PART II
CHAPTER I
[MINE ENEMY]
So many steps the length of my cell—beginning with the heel planted against the wall under the high window, and finishing at the door; so many steps across—beginning with the heel planted against the wall opposite the bed, and finishing at night at the bed itself, or in the day, when the bed had been turned up against the wall, at the opposite wall. Beside the door the heavy sheet of ground glass that made another window, outside which a light burned at night for a certain time; before that ground glass a wooden slab, fixed firmly in the wall, for a table; a stool for seat. And on the table my Bible. And that was my home for twenty years!
At first, when I realized what it meant: that I was to live there for all my life—that ambition, hope, and all that made life worthy had been stripped away from me—I rebelled fiercely. If I had had any chance to kill myself I should have done it; because this was so different from anything I had planned. I saw the years stretching on before me—seemed to see the very stones of the place worn by my feet, and I growing old in captivity, with all the busy eager world going on outside. Men and women living and loving, and laughing and weeping; little children being born; the seasons renewing themselves; and I at coarse toil, counting the days, and wondering when they would cease for me.
And yet in time, mercifully enough, I did not count the days. I knew when Sunday came round, because there was a difference; one sat in the chapel attached to the prison, and heard a man speak, and the sound of singing and of an organ; one looked about on the faces of other men, prisoners like oneself, and wondered about them. The same faces were seen in the exercise yard and in the shops during the week; but Sunday was a day to be looked forward to, as a break in the dread monotony of the week. I only counted Sundays after a time.
After a time, too, the fierce rebellion passed; I was getting used to things. One gets used to anything, they say, in this world; one's edges become blunted. In the course of years mine were blunted so much that I forgot almost how old I was—ceased to care, in fact. And I remember once that when they shifted me from one cell to another I was resentful, and pleaded to be put back again; I knew the stones of the other, and had grown to like them; and this was new to me. It was like turning a man out of his home, and I was bitter about it.
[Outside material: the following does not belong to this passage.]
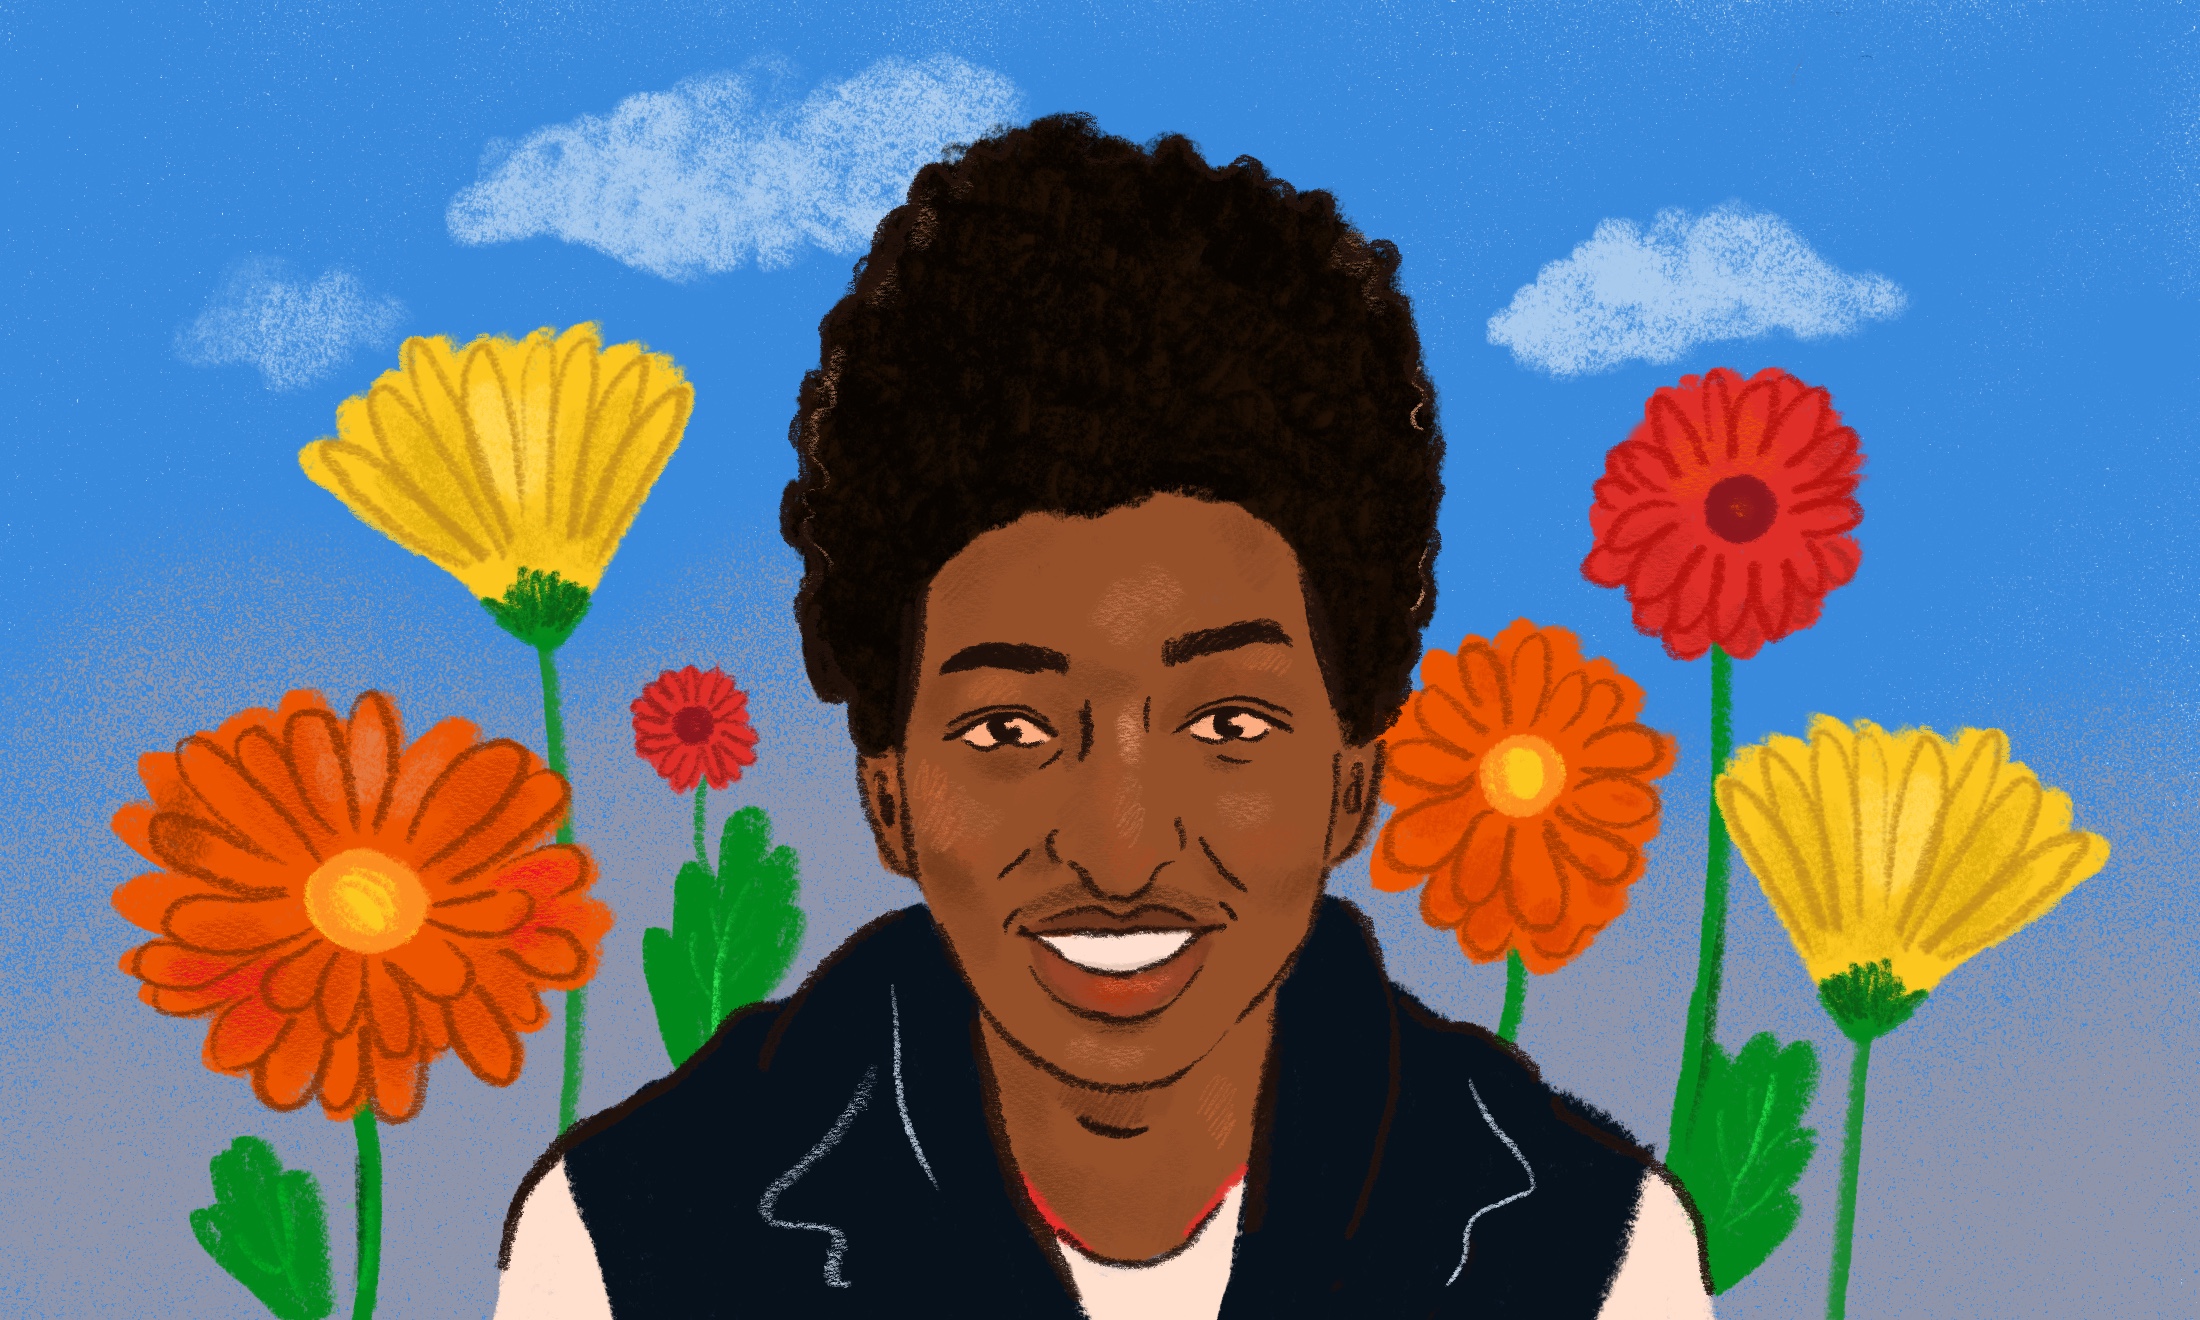 The story of Alexander Tekle: a young asylum seeker who died in Britain’s hostile environment

My fear at first had been that I might lose what refinement I had; I strove passionately to remember what I had been—to be always something better than those with whom I was herded. I believe I was a model prisoner; I read all that I could from the prison library, and I wrote when they would let me. After a time I began to write of that first part of my life—the free part; I was afraid that in the dull course of the years I might forget. Although at first the remembrance of what I had been and what I had done were strongly with me, in time it all narrowed down to the figure of Barbara, and rested there; nor would my recollection turn to anything else. And during all those twenty years, wherein time did not stand still with me, she never changed; in my remembrance she was always the bright pretty girl of eighteen years of age whom I had loved so long before. It was as though she had died, and I had remembered what she was at the last. And it is safe to say that she was always with me.
Not that the wall of my prison ever went down, as it had done once when I lay condemned to death; that vision never came to me again. But in the night I dreamed of her—a mad impossible dream—that she waited somewhere near at hand—always young and beautiful, and always loving me—waited until such time as I should, by a miracle, get out into the world again. In the first years of my imprisonment I dreamed that, over and over again; but no other figure out of the past came to me—at least, not after my first remembrance of the world had worn off.